If parsing encounters an error, a `Failure` is sent through the
channel which will be thrown as an `Exception`.

```
for $json.parse-many('[1,2,3][4,5,6]').list -> $record {
...Do something with each $record...
}
```

There is also a `.load-many` method, and subs for `from-json-many` and
`from-json-file-many`.

There is no delay option for the 'many' parsing. All objects are
completely received and separate from the parser object.

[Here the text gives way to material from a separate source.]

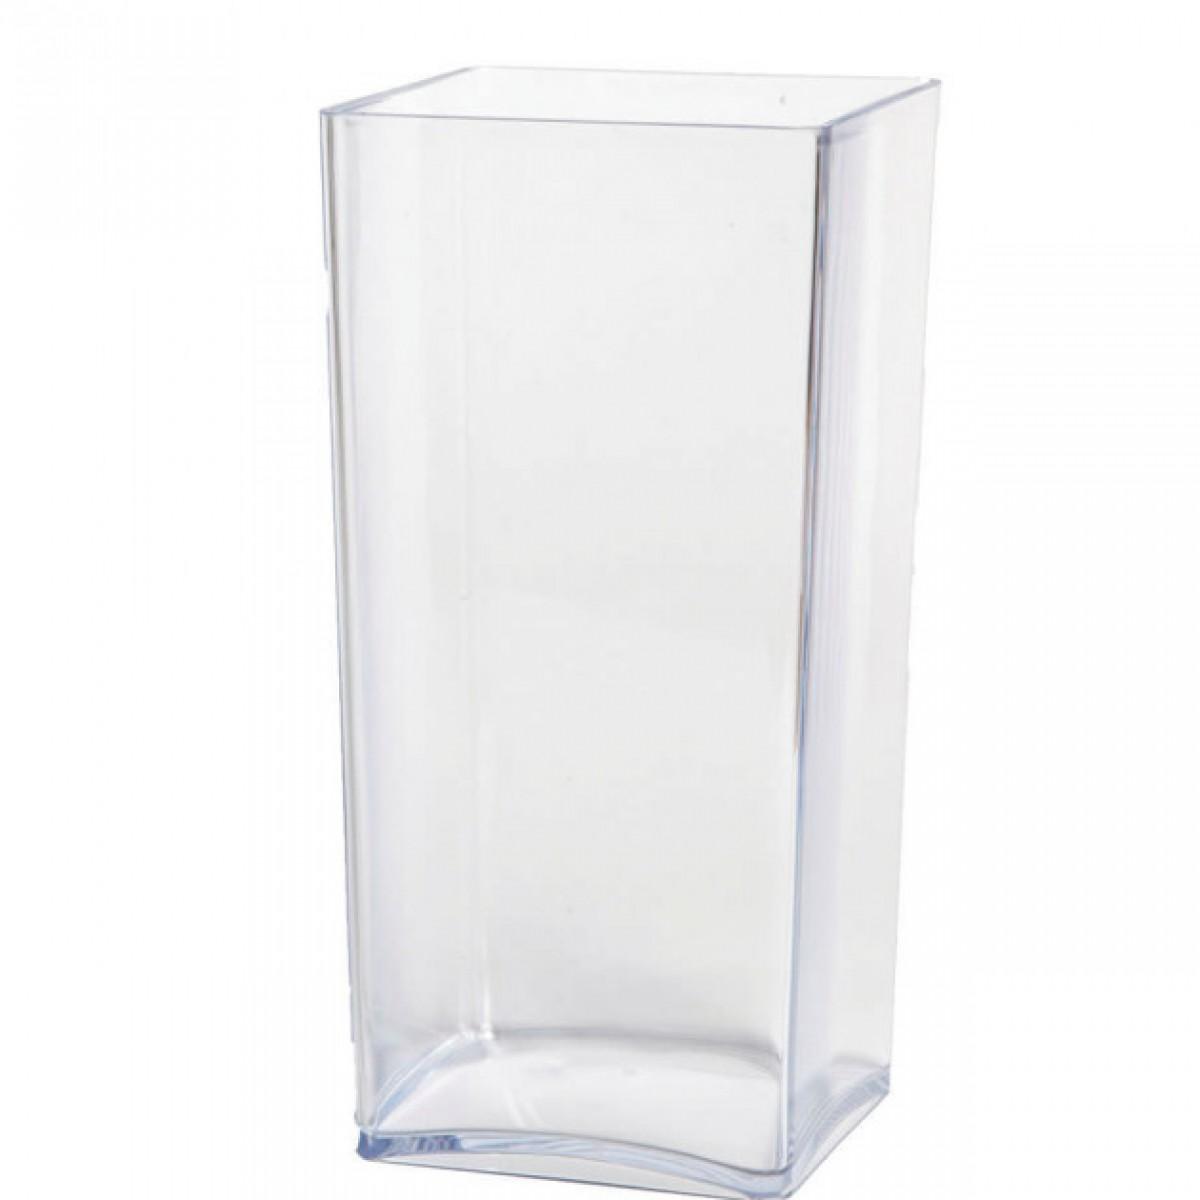 Cube Clear 12x12x25cm Acrylic Vase - 1 No
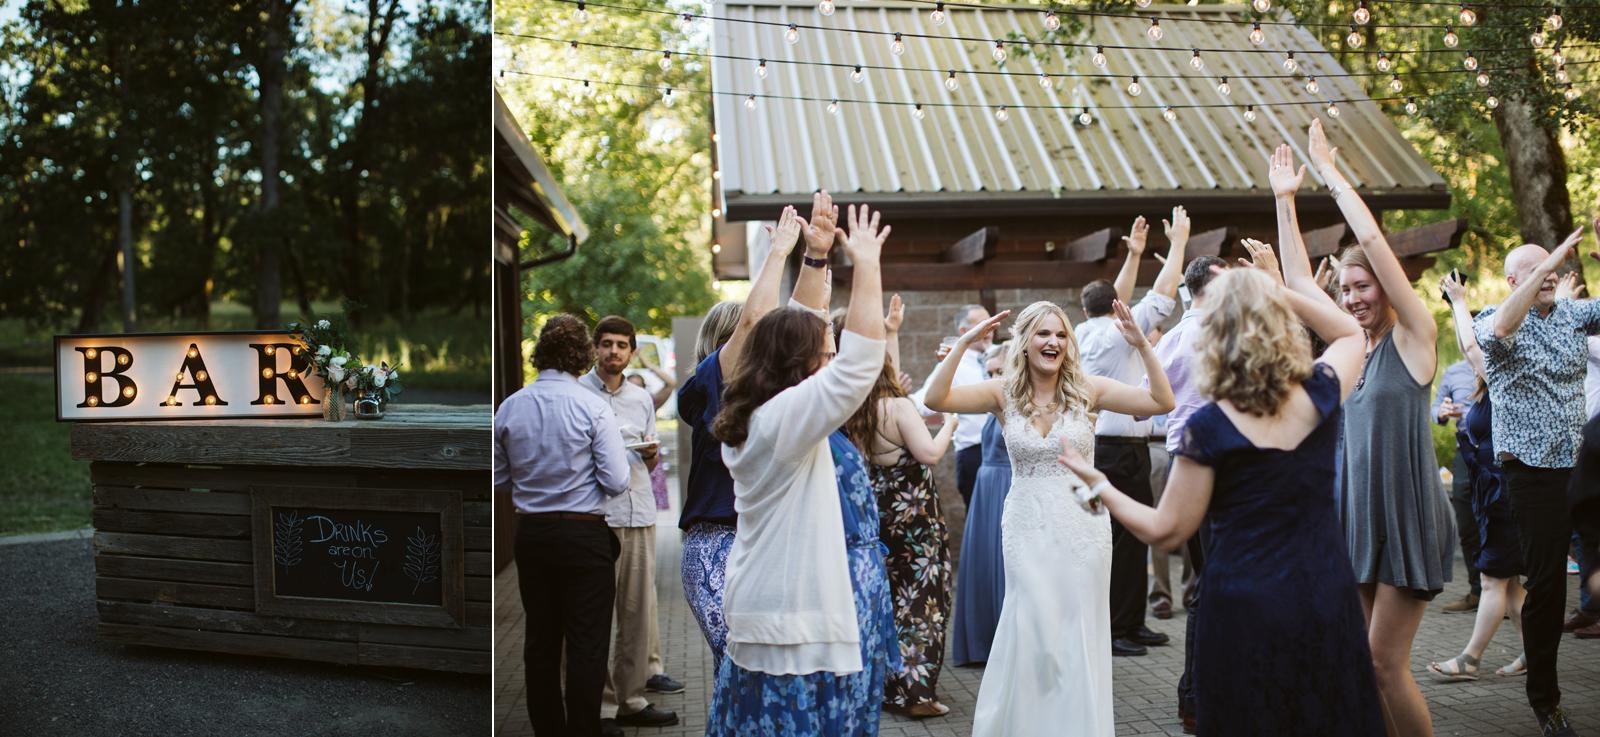 116-daronjackson-rachel-michael-wedding-mtpisgah.jpg

## Maximum depth of parsing

By default the maximum depth of JSON data structures is 1024. This
can be set manually with the `:max-depth` option on intial object
creation, or with the `.allocate` method.

```
my $json = JSON::simd.new(max-depth => 16);
$json.allocate(max-depth => 32);
```

## Manual capacity allocation

The simdjson library automatically expands its memory capacity when
larger documents are parsed, so that you don't unexpectedly fail. In a
short process that reads a bunch of files and then exits, this works
pretty flawlessly.

You can query the current capacity like this:
```
say $json.capacity;
```

For better control of memory in long running processes, the simdjson
library lets you adjust your allocation strategy to prevent your
server from growing without bound.

```
my $json = JSON::simd.new(max-capacity => 1_000_0000);
```

You can also manually set the allocation (setting max-capacity to 0
prevents it from ever auto-expanding):

```
my $json = JSON::simd.new(max-capacity => 0, size => 1_000_000);
$json.allocate(size => 2_000_000); # Manually reset capacity;
```

More information is available at [Server Loops: Long-Running Processes and Memory Capacity](https://github.com/simdjson/simdjson/blob/master/doc/performance.md#server-loops-long-running-processes-and-memory-capacity).

## Implementation

`simdjson` has highly tuned implementations for various processor
capabilities. When first run, they test the processor and choose the
best implementation. If you are curious, you can see which
implementation is active:

```
say JSON::simd.implmentation-name, JSON::simd.implementation-description;
```

# Installation

This library is very dependent on 64-bit architectures and should only
be installed on a 64-bit OS.

Building the C++ library requires a C++ compiler. The commands below
may or may not help you install one.

For Windows and MacOS, pre-built libraries are also available as fallbacks
if the build doesn't find a compiler.

If you have trouble installing, please file an issue with as many
details about your setup as possible.

* Debian/Ubuntu

```
apt update
apt install -y g++
zef install JSON::simd
```

If you get g++ compiling errors, it may be due to an older compiler.
You can try this and then the commands above:

```
echo deb http://ftp.us.debian.org/debian testing main contrib non-free >> /etc/apt/sources.list
```

* Alpine Linux

```
apt add --update --no-cache g++
zef install JSON::simd
```

* CentOS

```
yum install -y gcc-c++
zef install JSON::simd
```

# License

The original `simdjson` code is available under Apache License 2.0.

The additional interface code and Raku bindings are Copyright © 2020
United States Government as represented by the Administrator, National
Aeronautics and Space Administration. No Copyright is claimed in the
United States under Title 17, U.S. Code. All Other Rights Reserved.